After the columns are constructed, the new_table() function can be used to construct a table HDU. We can either go through the column definition object:
>>> coldefs = pyfits.ColDefs([c1, c2, c3, c4, c5]) >>> tbhdu = pyfits.new_table(coldefs)
or directly use the new_table() function:
>>> tbhdu = pyfits.new_table([c1, c2, c3, c4, c5])

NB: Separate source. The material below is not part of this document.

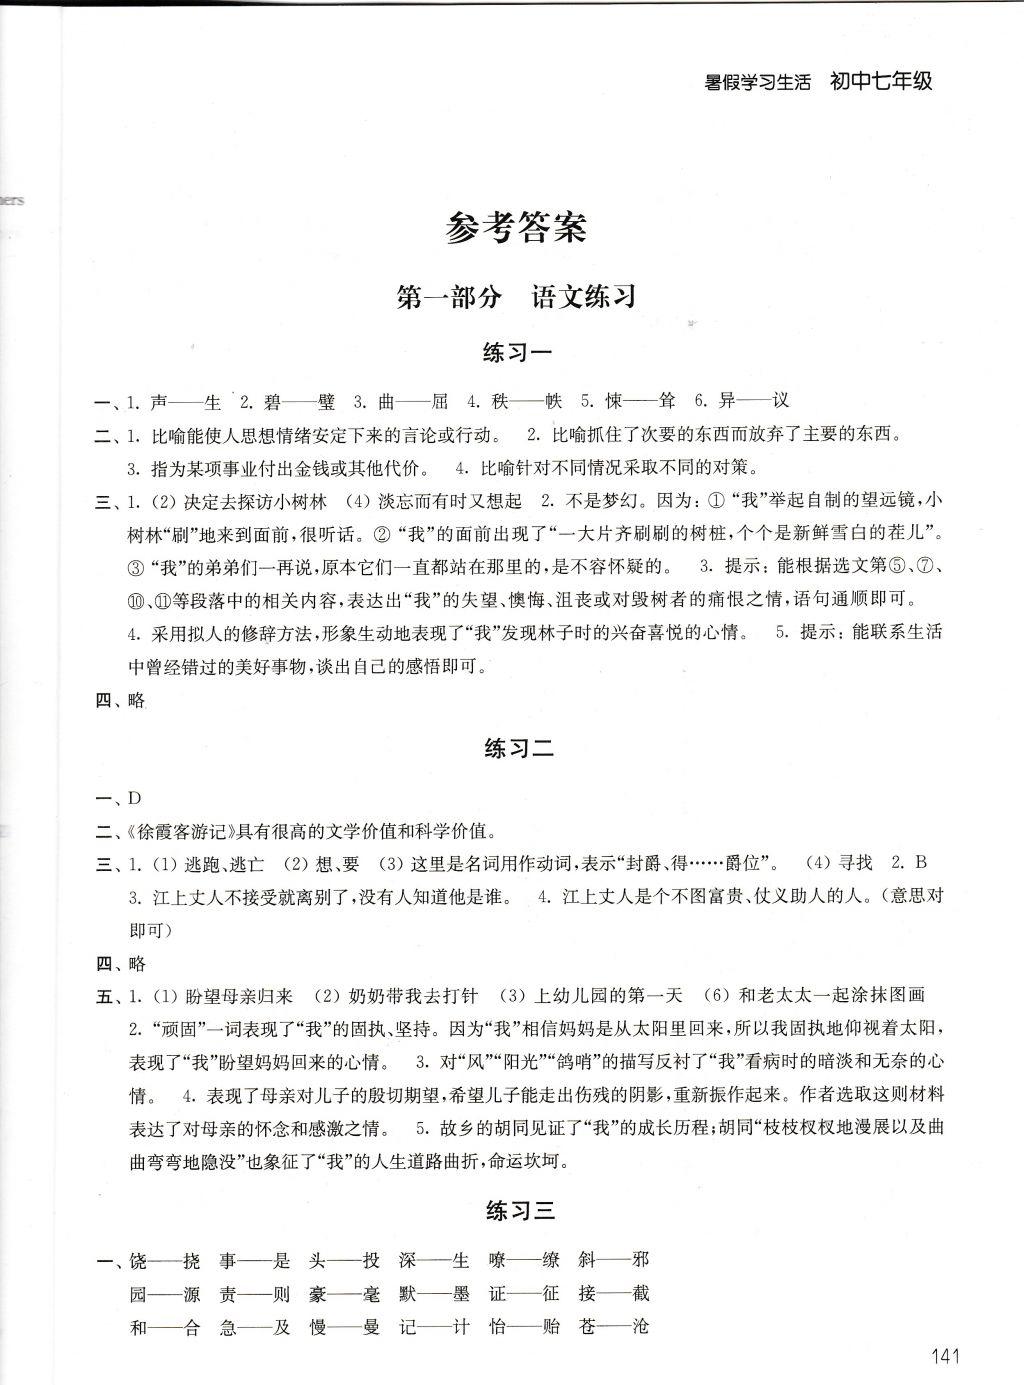 2017年暑假学习生活初中七年级译林出版社参考答案第1页

A look of the newly created HDU’s header will show that relevant keywords are properly populated:
>>> tbhdu.header XTENSION = 'BINTABLE' / binary table extension BITPIX = 8 / array data type NAXIS = 2 / number of array dimensions NAXIS1 = 4025 / length of dimension 1 NAXIS2 = 4 / length of dimension 2 PCOUNT = 0 / number of group parameters GCOUNT = 1 / number of groups TFIELDS = 5 / number of table fields TTYPE1 = 'target ' TFORM1 = '10A ' TTYPE2 = 'counts ' TFORM2 = 'J ' TUNIT2 = 'DN ' TTYPE3 = 'notes ' TFORM3 = '10A ' TTYPE4 = 'spectrum' TFORM4 = '1000E ' TTYPE5 = 'flag ' TFORM5 = 'L '
Warning: It should be noted that when creating a new table with new_table(), an in-memory copy of all of the input column arrays is created. This is because it is not guaranteed that the columns are arranged contiguously in memory in row-major order (in fact, they are most likely not), so they have to be combined into a new array.
However, if the array data is already contiguous in memory, such as in an existing record array, a kludge can be used to create a new table HDU without any copying. First, create the Columns as before, but without using the array= argument:
>>> c1 = Column(name='target', format='10A') ...
Then call new_table():
>>> tbhdu = pyfits.new_table([c1, c2, c3, c4, c5])
This will create a new table HDU as before, with the correct column definitions, but an empty data section. Now simply assign your array directly to the HDU’s data attribute:
>>> tbhdu.data = mydata
In a future version of PyFITS table creation will be simplified and this process won’t be necessary.